You are correct however the AFL's illicit drugs policy is something they imposed themselves (ie not to comply with WADA or receive govt funding) and which the players voluntarily sign up to. My guess is the reason they even have it in the first place is for this very reason, to avoid players turning up on game day with substances still showing up in their tests. If the AFL tries to implement too stringent of a testing regime, the players will probably tell them to stick it.
 
Winning the “war” would be easy, the government just aren’t overly interested in it.
They’re not going to just openly legalise drugs though. Mental illness is a big enough issue as it is.
Psychedelics can probably help with that (in a clinical environment).
 
You are wilfully missing the point here. A claim was made that government employees are never tested. I provided an example of where this is not true.

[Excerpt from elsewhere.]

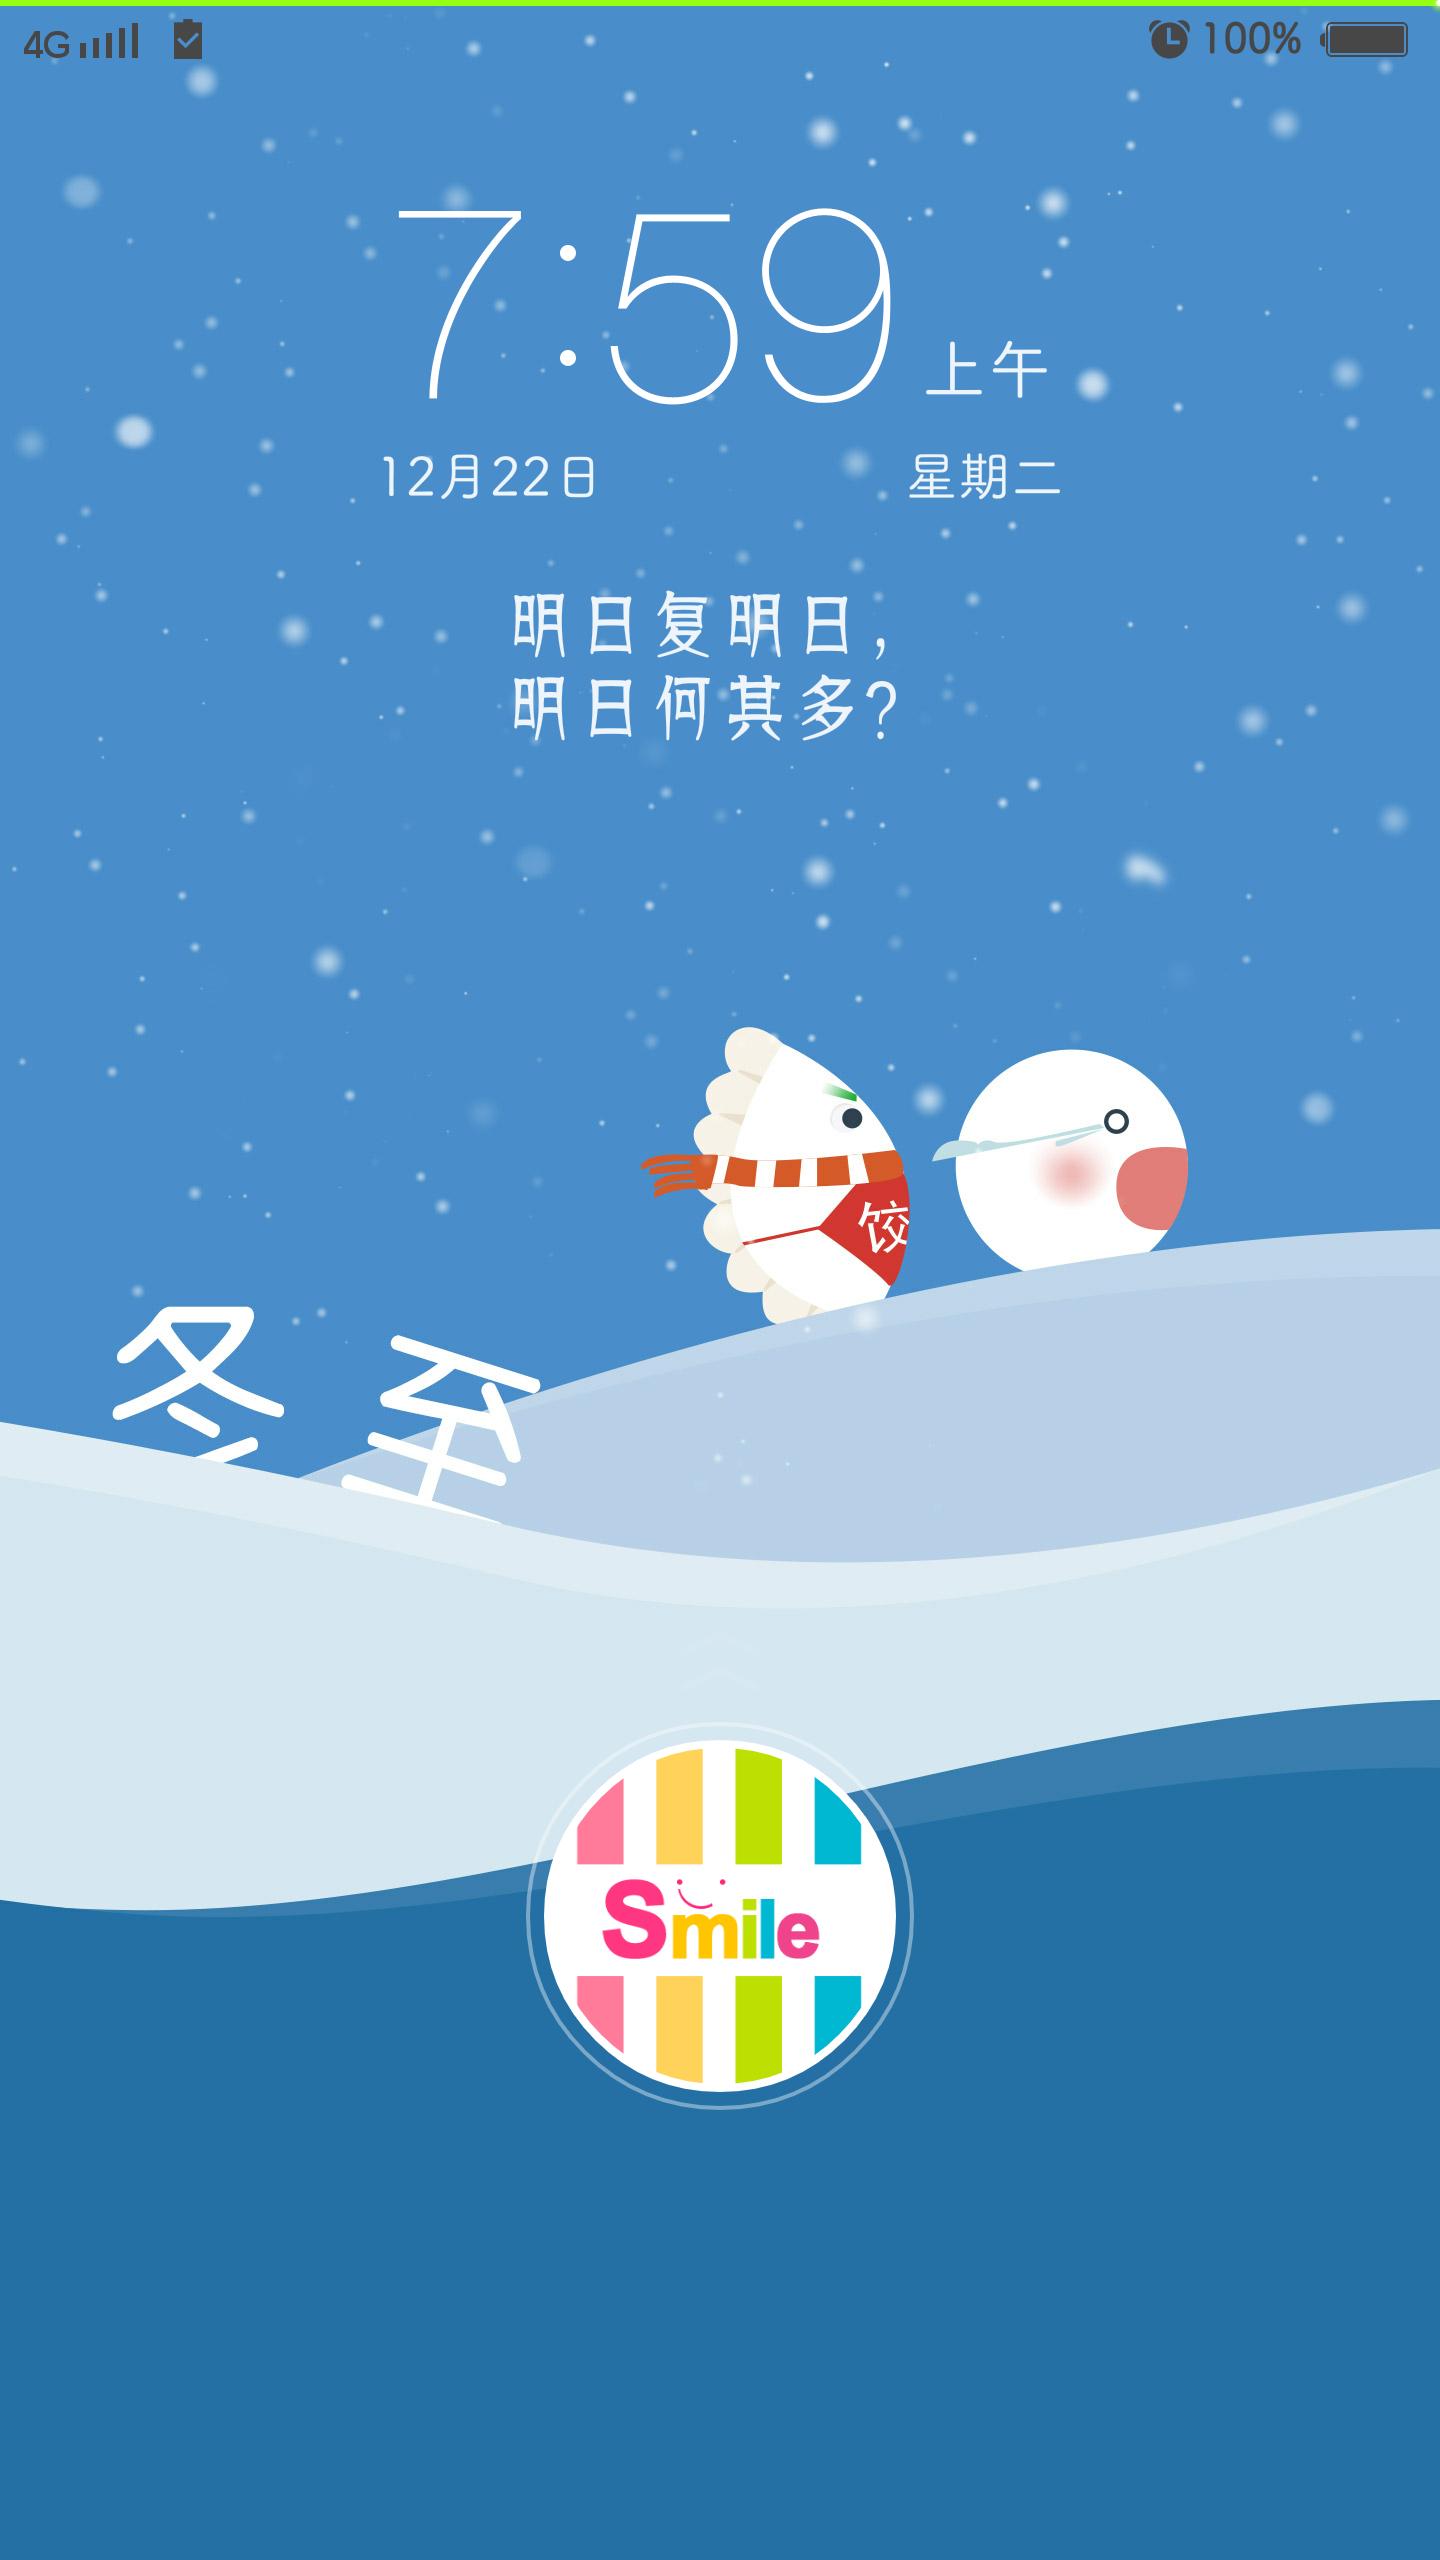 冬至快乐-v粉家园-vivo智能手机v粉社区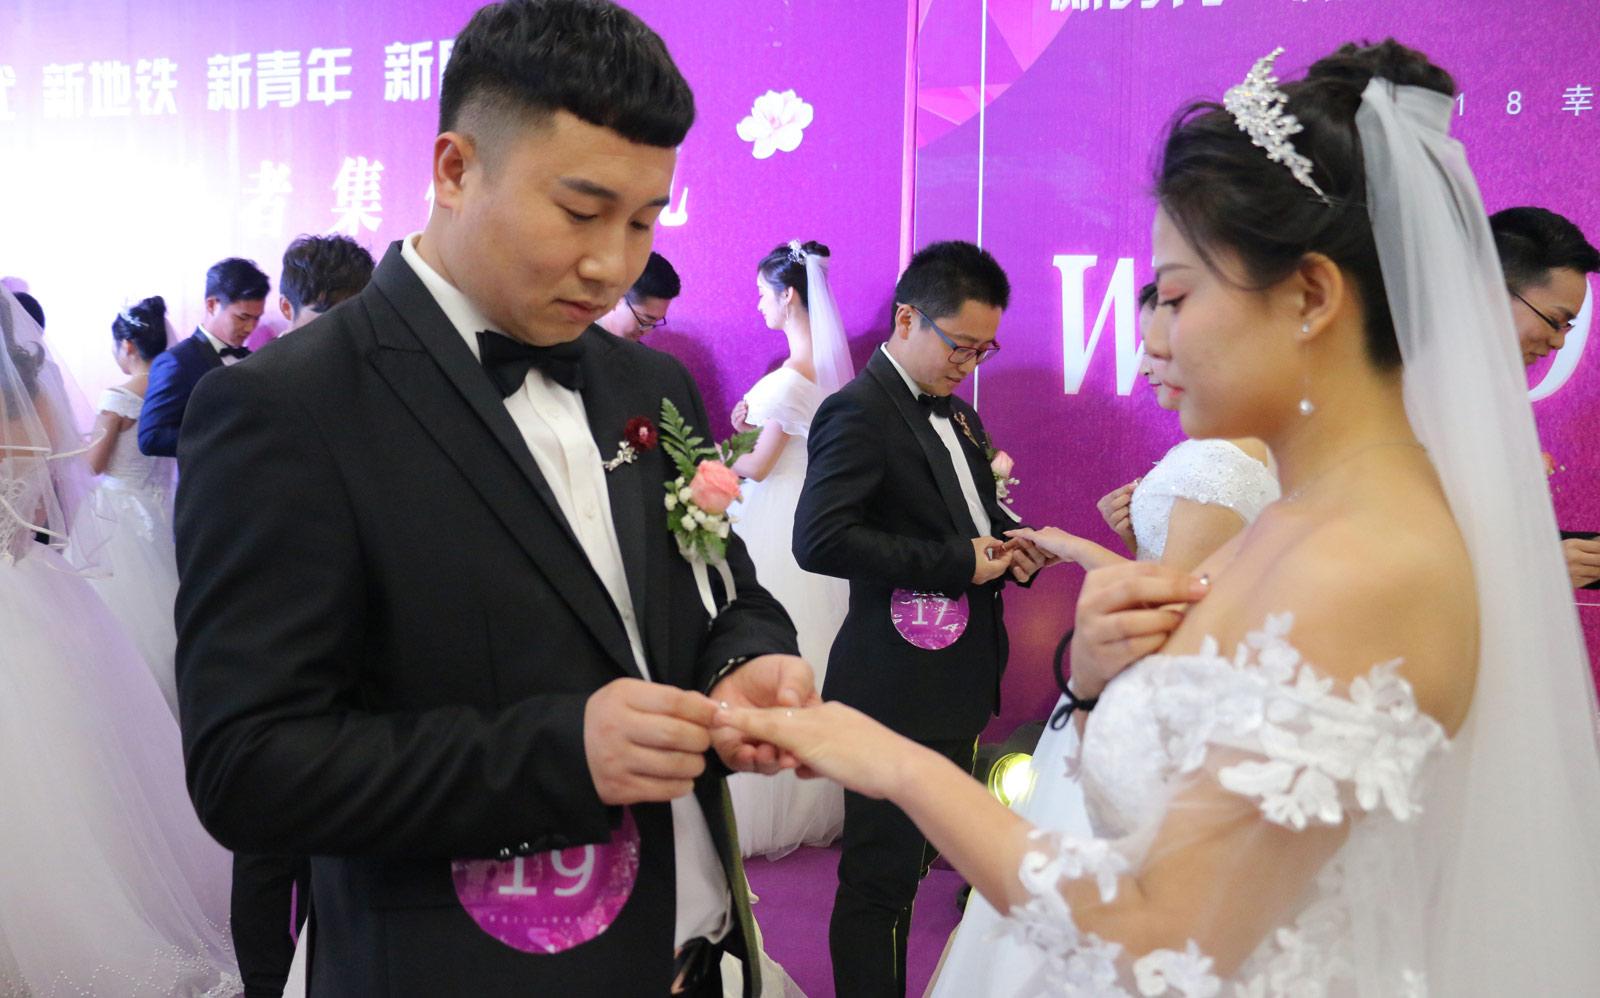 在当天集体婚礼上,新人们做游戏、拍合影、送喜糖,和市民一起分享自己的幸福。图为婚礼上新郎为新娘戴上婚戒。(连迅 摄)

Contract law doesn’t care what the job is. It is all about the contract.

If a player is on the gear and can’t play because of it, they have broken their contract.

All the rest is bullshit and self justification.
Not really, the point was not that government employees are never tested, the point was that not ALL government employees are subject to testing. People working in certain departments such as the ADF, Border Force etc I can understand why they have testing (though I don't know if I agree with it).

AFL players are not going to be sacked en masse because they might get on the gear at some point. If anything the AFLPA is likely to push back against mandatory testing, 2/3 strikes etc if the AFL becomes too draconian with it.
 
A soldier with access to firearms and potentially confidential information is the same as someone playing sportsball.
No but the second year arts student studying at ADFA has far less responsibility and isn’t touching weapons for most of the year. By your logic, why do they need to remain clean apart from weapon’s week? The information you get access to is nearly nothing at that rank.
 
They are circumventing if you remove a player on game day or just before. You are performing an off-the-books test not for wellbeing reasons - because why do the test if the player has said they’re using? - they’re do it to save the image of the game and avoid WADA finding out.

Also, whilst WADA people can test any time, less likely to do so if injured. They simply do not have the resources to pick on everyone.
This is a very good observation which ruins the alibi. Well done.
 

Surely we’ve established that illicit drugs rules only apply on match days if you’re playing? Which means if you have a test beforehand, you and are taken out, this circumvents an interaction with WADA. Without the little back door, you’d be playing and get caught and suspended and create a nasty headline. But illicit drug rules don’t apply if you’re not playing.
 
Surely we’ve established that illicit drugs rules only apply on match days if you’re playing? Which means if you have a test beforehand, you and are taken out, this circumvents an interaction with WADA. Without the little back door, you’d be playing and get caught and suspended and create a nasty headline. But illicit drug rules don’t apply if you’re not playing.
The use of illicit drugs and gambling is what the AFL stands for.
That's ******* outstanding for our national sport.
 
Surely we’ve established that illicit drugs rules only apply on match days if you’re playing? Which means if you have a test beforehand, you and are taken out, this circumvents an interaction with WADA. Without the little back door, you’d be playing and get caught and suspended and create a nasty headline. But illicit drug rules don’t apply if you’re not playing.
Yep, it's a disingenuous argument. Testing keeps going but you avoid the matchday category. And avoid a strike as I understand it? Though get to rehab those achy calves. It's disingenuous.